Johnson & Johnson (JNJ) shares have been on a tear since the start of the year, at precisely the start of the year to be exact. That smells of fiscal cliff relief and capital flow thunder, which has been a good enough reason for the broader market and one I suggested would drive stocks higher as well. However, I see the stock extended now in terms of valuation. Therefore, nimble money could reduce holdings here, and longer-term funds may seek value elsewhere as well.
J&J shares have not only tagged along with the Dow Jones Industrials Average and the S&P 500 this year, but have helped to drive the indexes higher, since they are an important component of each. The chart here comparing the SPDR S&P 500 (SPY) and the SPDR Dow Jones Industrial Average (DIA) to the performance of Johnson & Johnson shares shows the parallel rise and illustrates that the move in all three is very likely on the same driver.

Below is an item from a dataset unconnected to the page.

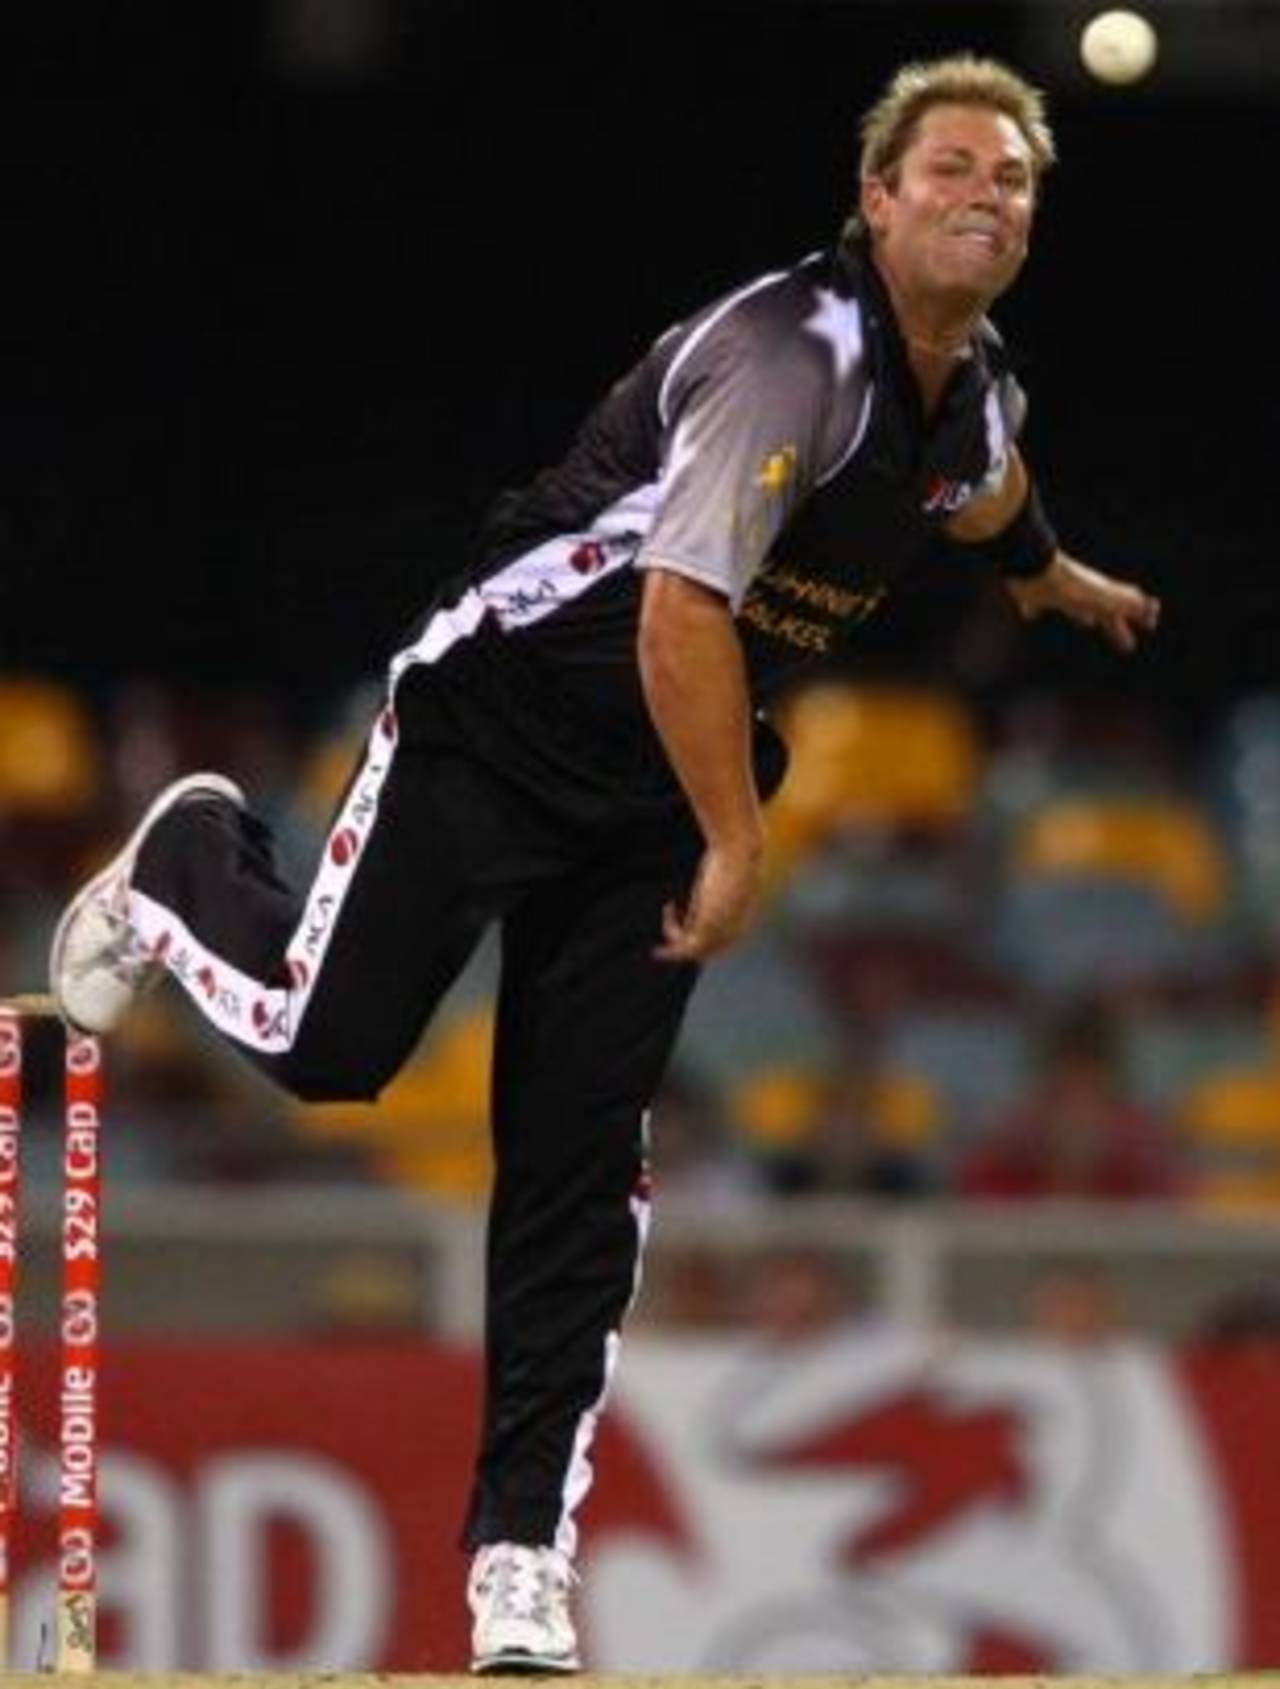 Shane Warne spins one down, Australian Cricketers' Association XI v Australian XI, Brisbane, November 22, 2009

The driver is capital flows coming into stocks in a big way since the turn of the year. Capital was freed up once Washington D.C. got out of the way of the market. The mitigation of the fiscal cliff (for the most part) and the attention given to the debt ceiling and the full faith in credit in the United States allowed investors to focus on the economic improvement they are now forecasting with their dollars. I have noted the strong capital flows into equity mutual funds over the last several weeks, with money coming out of money market funds and gold and precious metal relative securities like the SPDR Gold Trust (GLD) and the iShares Silver Trust (SLV). In this regard, and after the recently supportive Employment Report (despite my contest of it), I suggested investors continue adding some beneficiaries of capital flows and selling other securities being harmed by them.

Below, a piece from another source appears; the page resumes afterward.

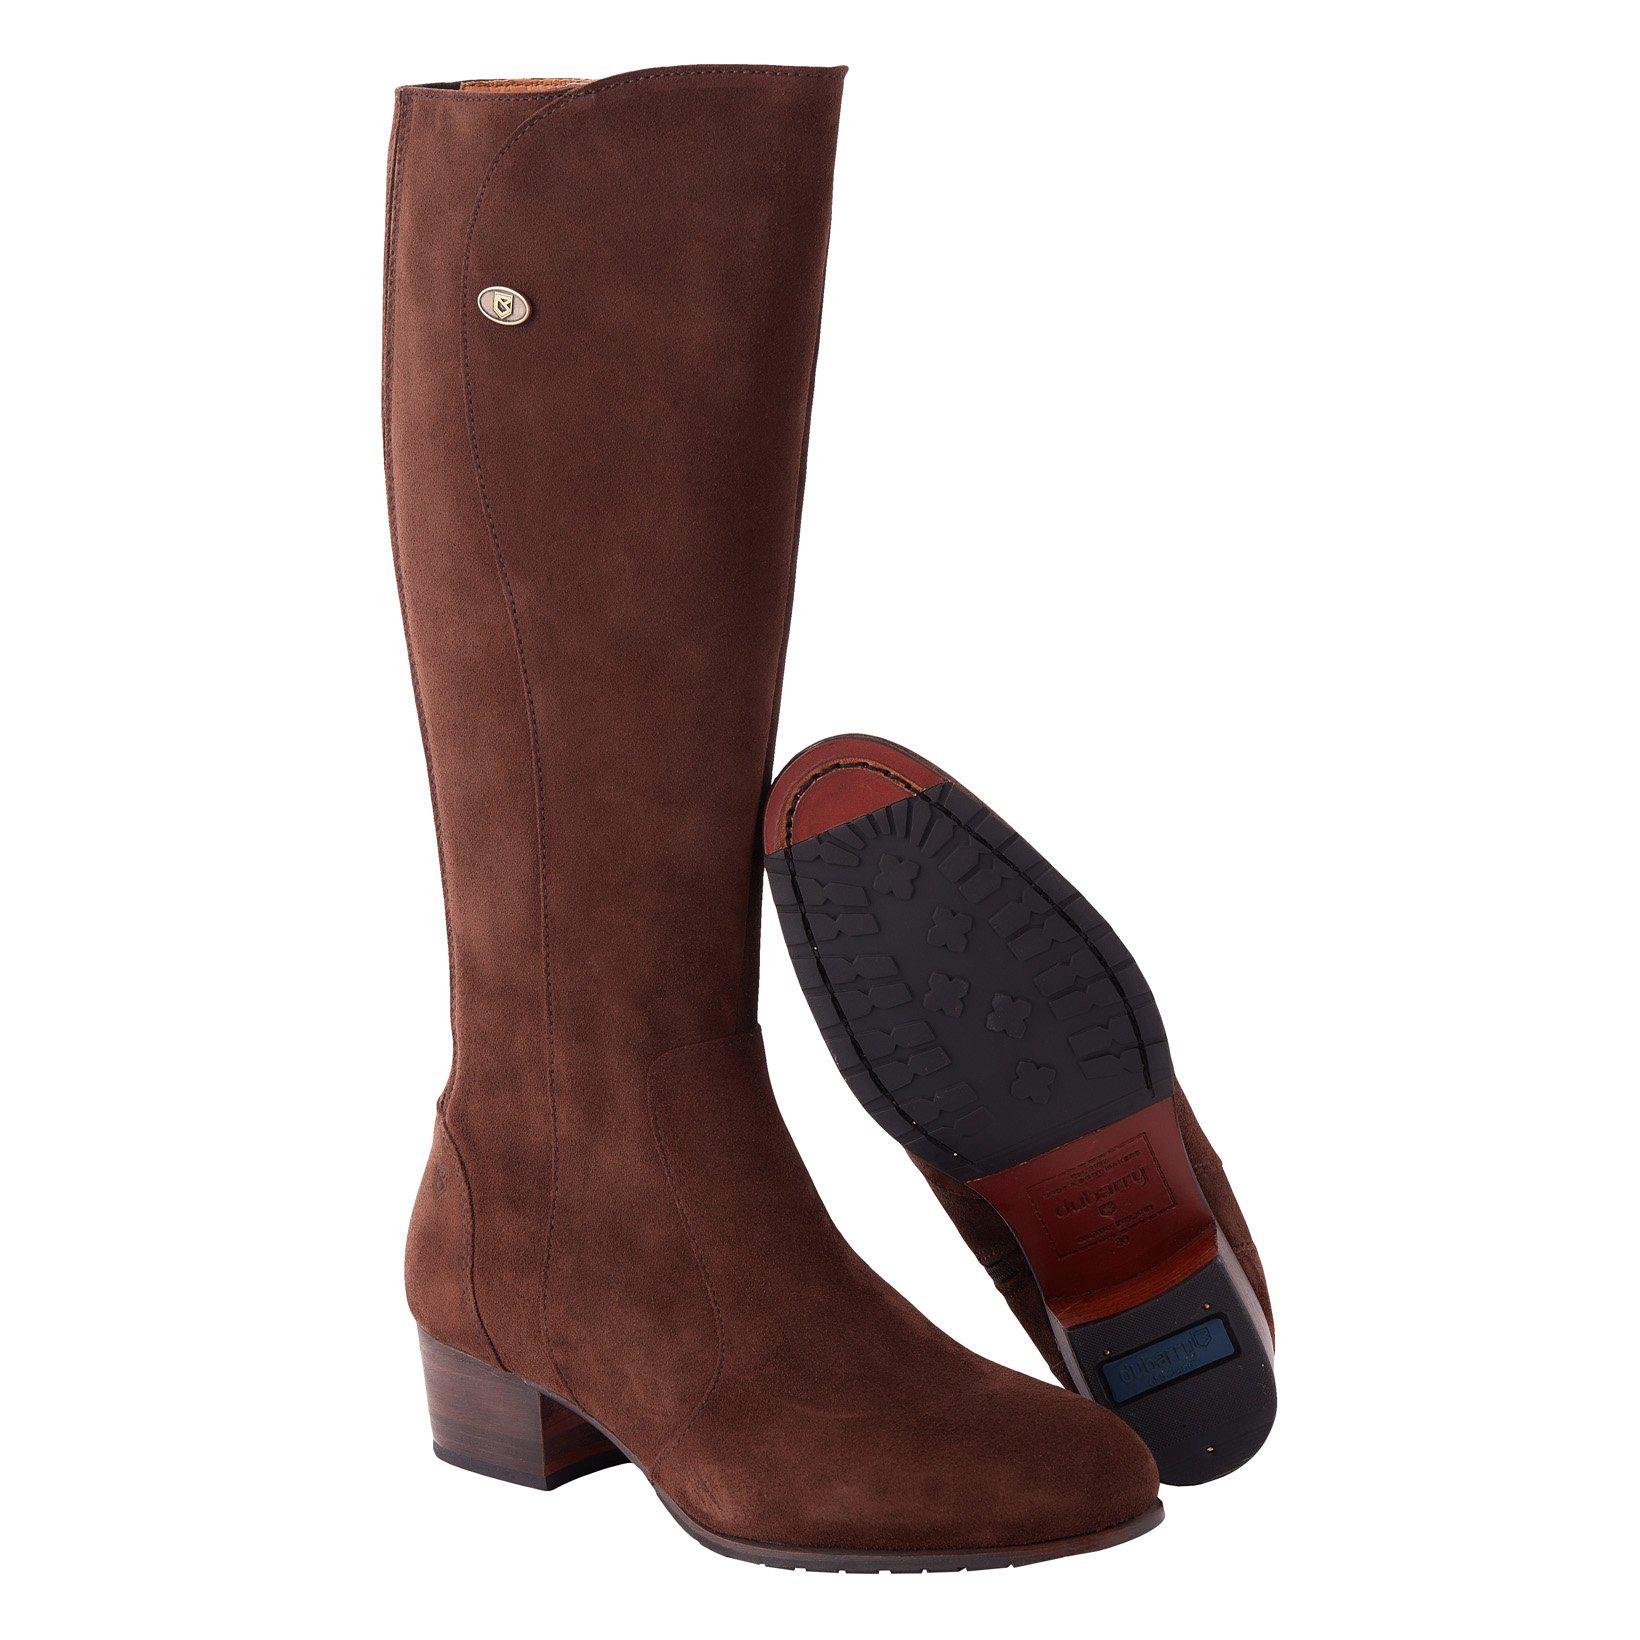 Downpatrick High Leather Boot-Dubarry-Conrad Hasselbach Shoes & Garment

Johnson & Johnson shares would fall into the group benefiting from capital flows, except for one issue, valuation. JNJ shares trade at a current P/E of approximately 20.3X their trailing 12 months' EPS. Not only is this valuation above JNJ's five-year average P/E of 15.5X, but it's above the average high P/E over that span. In fact, the current valuation represents the high for the last five years. For those who might argue that the last five years have not been good years, I would suggest that consumer staple and healthcare stocks should see more demand for capital in such times versus comparable sectors, and so carry a premium valuation. Certainly the stock's beta coefficient of 0.45 would indicate that it is less than correlated with the broader cyclical stock market.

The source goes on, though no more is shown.